The two aspects from Ficler & Goldberg, that concern metadata can be transferred. ‘Sentiment’ is included in the rating, as sentiment is only based on rating in the Ficler & Goldberg paper. ‘Professionalism’ is more complicated however. Rotten Tomatoes tags reviews by professional movie reviewers and reviewers, that are known for writing quality reviews. Ficler & Goldberg use these tags to mark reviews as professional. Amazon does not provide comparable tags for their reviews. However, Amazon has a rating system for reviews. Users can mark reviews as helpful and Amazon in turn has a section with high-rated reviews. On average these reviews are of higher quality, which could be used to model a tag similar to ‘Professionality’.

The text-based annotations ‘Length’, ‘Descriptive’, and ‘Theme’ are also transferable. Length is easy to annotate. In order to work on full reviews and stay true to the intention of capturing the writing style, the length feature should be transfered to average sentence length. ‘Descriptive’ is based on the ratio of adjectives that are contained in a review, that can also be computed for the data in the Dong et al. corpus.
The theme of a review is tagged based on keyword dictionaries. These have been generated specifically for the task. As these keyword dictionaries and themes are based on movies, new themes and new corresponding themes would have to be generated in order to retag the corpus.

Multi-Task Learning

The second possibility for the combination of the two systems is an approach based on multi-task learning in neural networks. The idea here is to add a second output layer to the system described in Dong et al.. Ruder does a good job at describing the possibilities of Multi task learning in An Overview of Multi-Task Learning in Deep Neural Networks. A Neural Network in this case is assigned multiple output layers and learns parameters on both data in a shared parameter space. This does not only improve performance but also gives the possibility to split a task up – as would be the case in the combination described in this blogpost.

Figure 2: Ruder 2017 altered

The differences in the two datasets could be a problem for a multi-task learning system as the Rotten Tomatoes dataset has been split into single sentences, while the Amazon dataset consists of full reviews. Additonally the theme aspect would still have to be remodeled as it is too movie specific for a combined task.


Both of these approaches are promising to combine the advantages of the two systems. Mutli-task learning would not require retagging of the corpora which could be time consuming. This approach, however, has some uncertainties, specifically the problem of the differences in the corpus data. The retagging of the corpora is a more straightforward approach and seems more promising to achieve consistent results. Both of these ideas offer themselves up as basis for future projects in the field of neural language generation.

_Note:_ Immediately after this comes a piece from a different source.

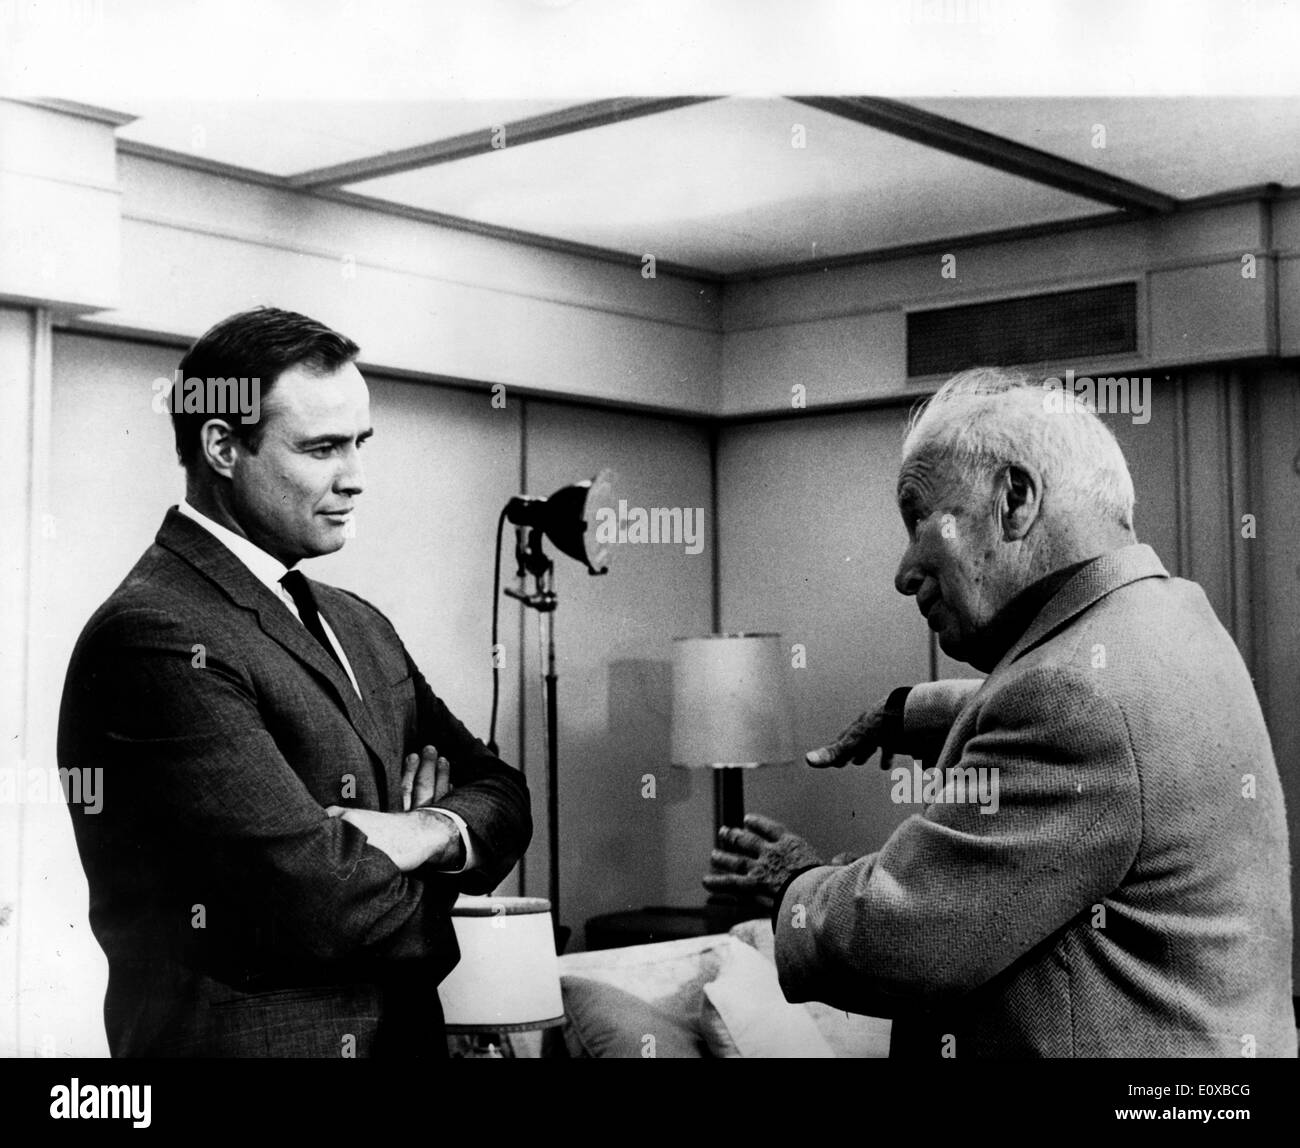 Marlon Brando talking to director Charlie Chaplin on set Stock Photo

Dong, Li, et al. “Learning to generate product reviews from attributes.” Proceedings of the 15th Conference of the European Chapter of the Association for Computational Linguistics: Volume 1, Long Papers. Vol. 1. (2017).

Ficler, Jessica, and Yoav Goldberg. “Controlling linguistic style aspects in neural language generation.” arXiv preprint arXiv:1707.02633 (2017).

Ruder, Sebastian. “An overview of multi-task learning in deep neural networks.” arXiv preprint arXiv:1706.05098 (2017).